Genetic mutations responsible for CMSs have been identified in relation to proteins in the presynaptic, synaptic and postsynaptic compartments of the neuromuscular endplate. As expected, the frequency of particular gene mutations varies within different ethnic groups, but in most populations the most common form of CMS is due to a deficiency of acetylcholine receptors on the postsynaptic membrane [3]. These can result from recessive missense, nonsense, frameshift or splice site and promoter region mutations in any of the genes encoding the acetylcholine receptor subunits. However, a high frequency of mutations in the acetylcholine receptor ε subunit (CHRNE) compared with other subunits has been recognised and attributed to the phenotypic rescue by maintained low level expression of the foetal γ subunit that substitutes for the defective ε subunit, but cannot compensate for the other muscle acetylcholine receptor subunits. Our patient was diagnosed with c.183_187dupCTCAC within CHRNE, which is predicted to convert Leu–Asn–Glu codons to Pro–His–Stop at positions 63–65 of the protein p.(Leu63fs), resulting in truncation of the ε subunit in its extracellular domain [4]. This variant is SNP rs776927709, whose allele frequency count of 1.64728e-05 is low enough to be the cause of a rare recessively inherited genetic disease such as CMS. From the sequencing data presented here, this duplication is predicted to be homozygous. Sequence analysis of the parental DNA would provide confirmation but unfortunately parental DNA was not available. Therefore a heterozygous deletion with concomitant removal of one or both primer binding sites, which would produce the same chromatogram, cannot be excluded. Although our patient demonstrated the typical phenotype of CHRNE mutation CMS, a genetic diagnosis was confirmed only 15 years after onset, and a previous diagnosis of ‘autoimmune myasthenia gravis’ was revised precluding the risk of inadvertent immunotherapy. Furthermore, specific genetic diagnosis provided the option of adding 3,4 diaminopyridine and salbutamol when symptomatically required [2, 5].
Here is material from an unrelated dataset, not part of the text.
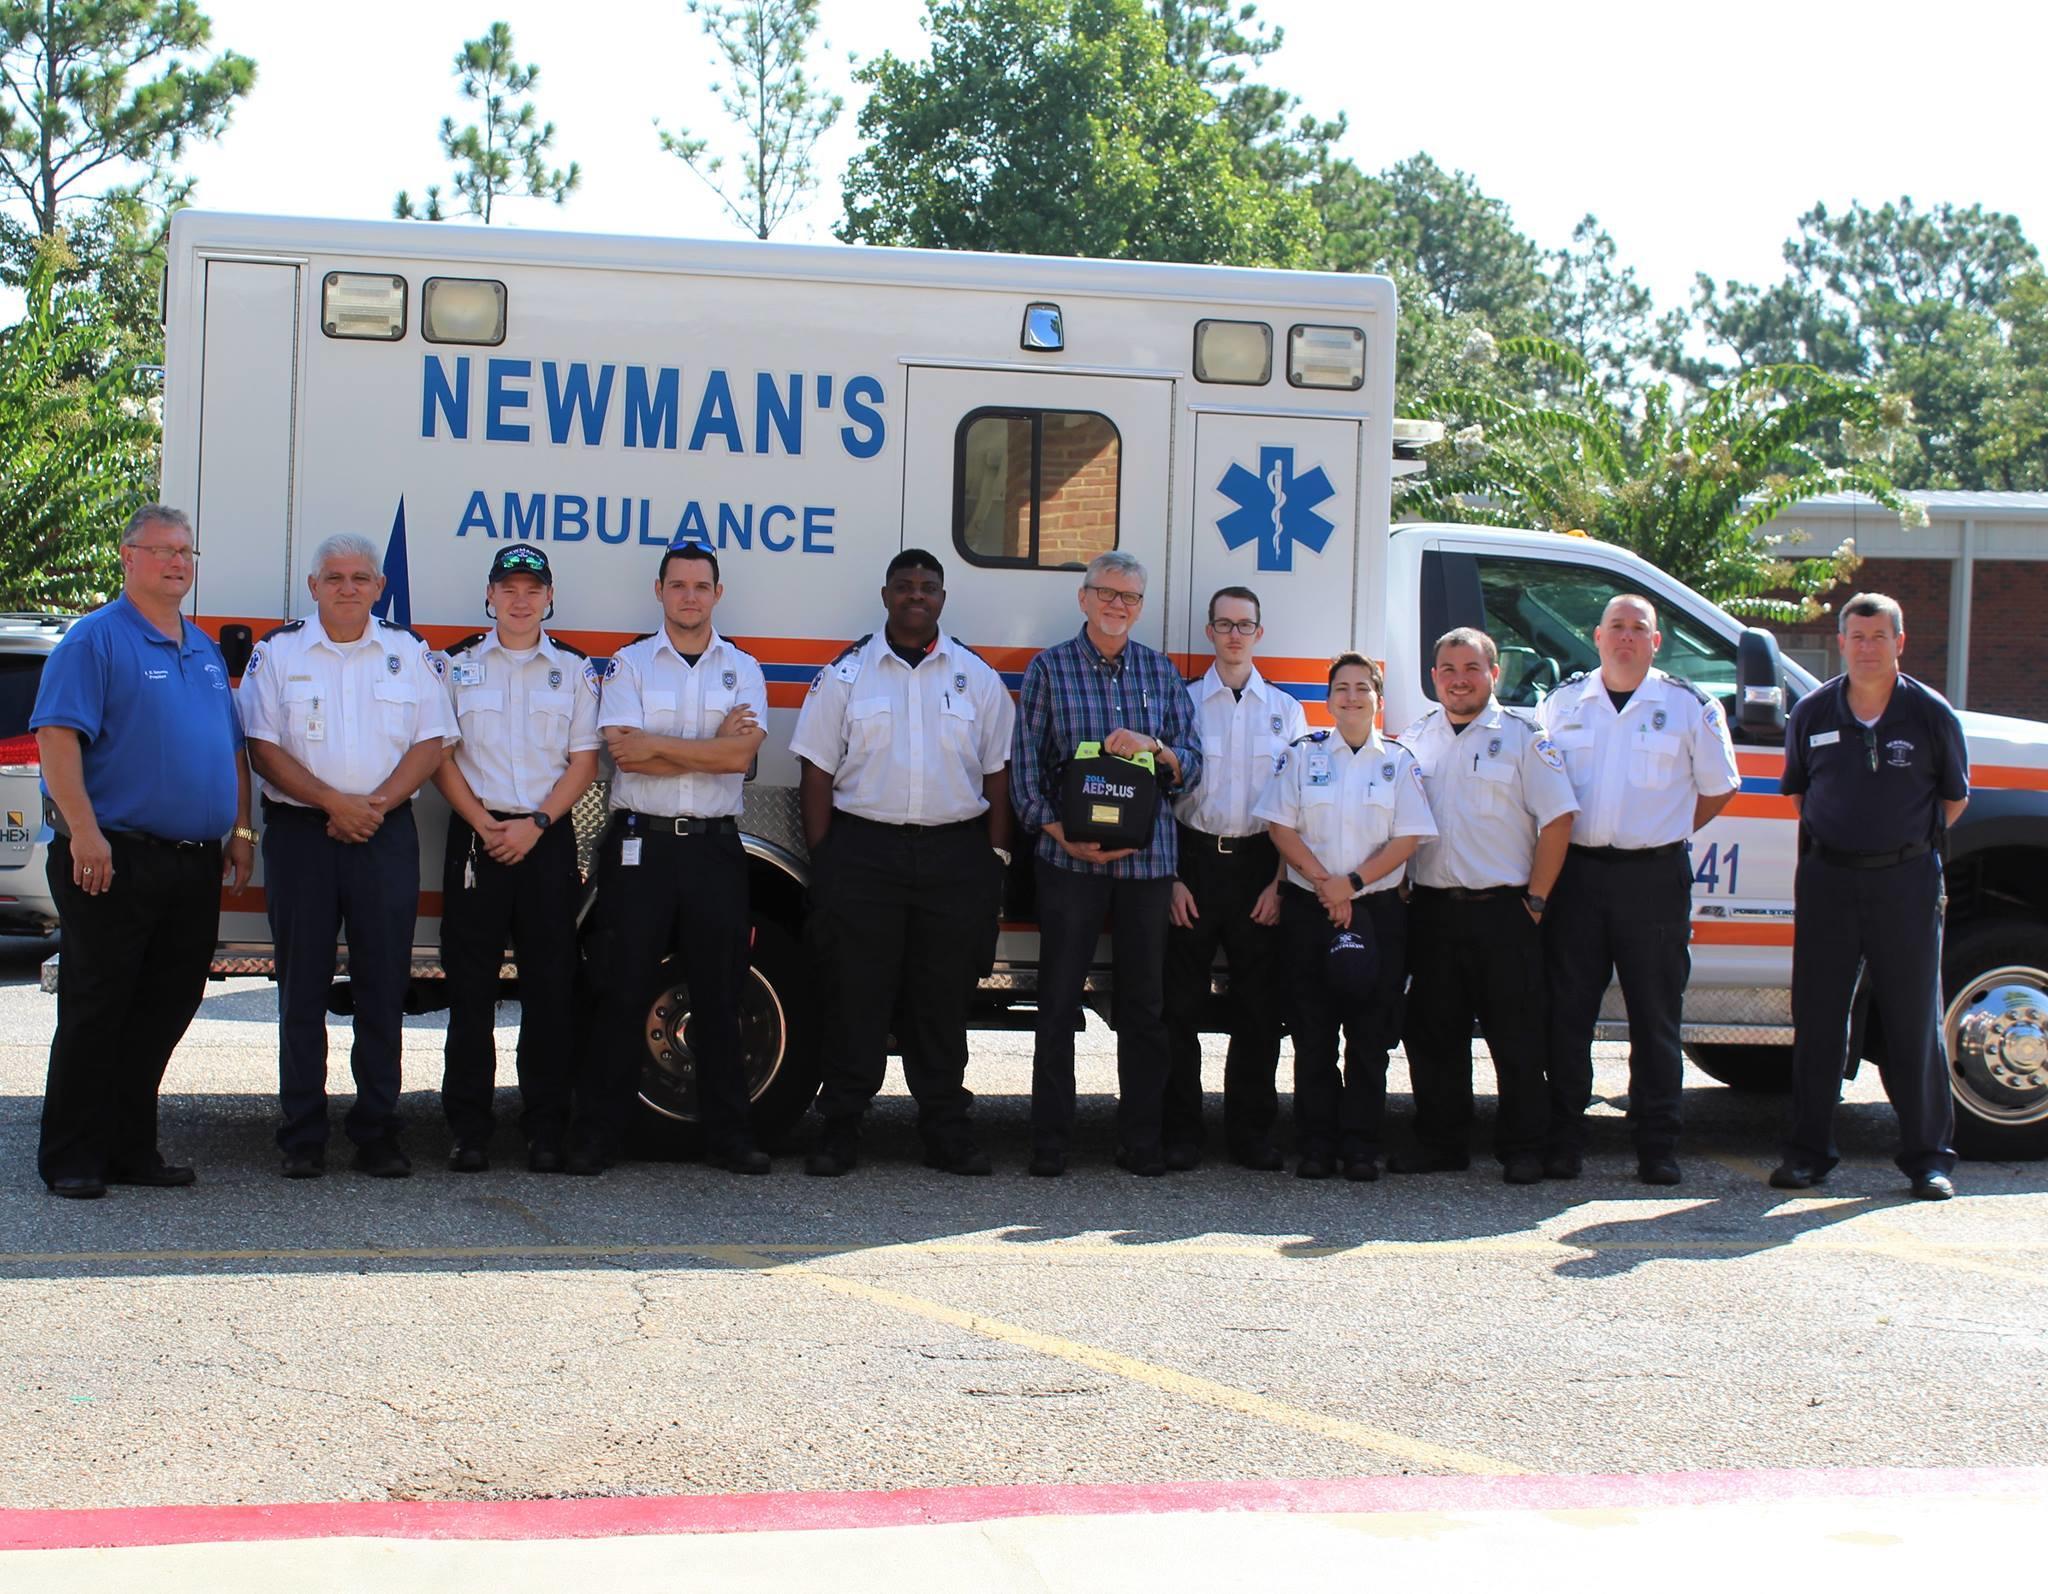 Newman's Ambulance image 1

In a review of patients attending a comprehensive neuromuscular clinic in India over a period of 8 years, 4.8 % of 314 myasthenic individuals were found to have CMS, but a genetic diagnosis had not been ascertained in them [6]. However, interestingly, certain founder mutations of CMS have been identified in individuals of Indian subcontinent origin [7, 8]. There was no family history of neuromuscular disorders in our patient, but unavailability of DNA from her parents precluded further evaluation of the origins of the identified mutation.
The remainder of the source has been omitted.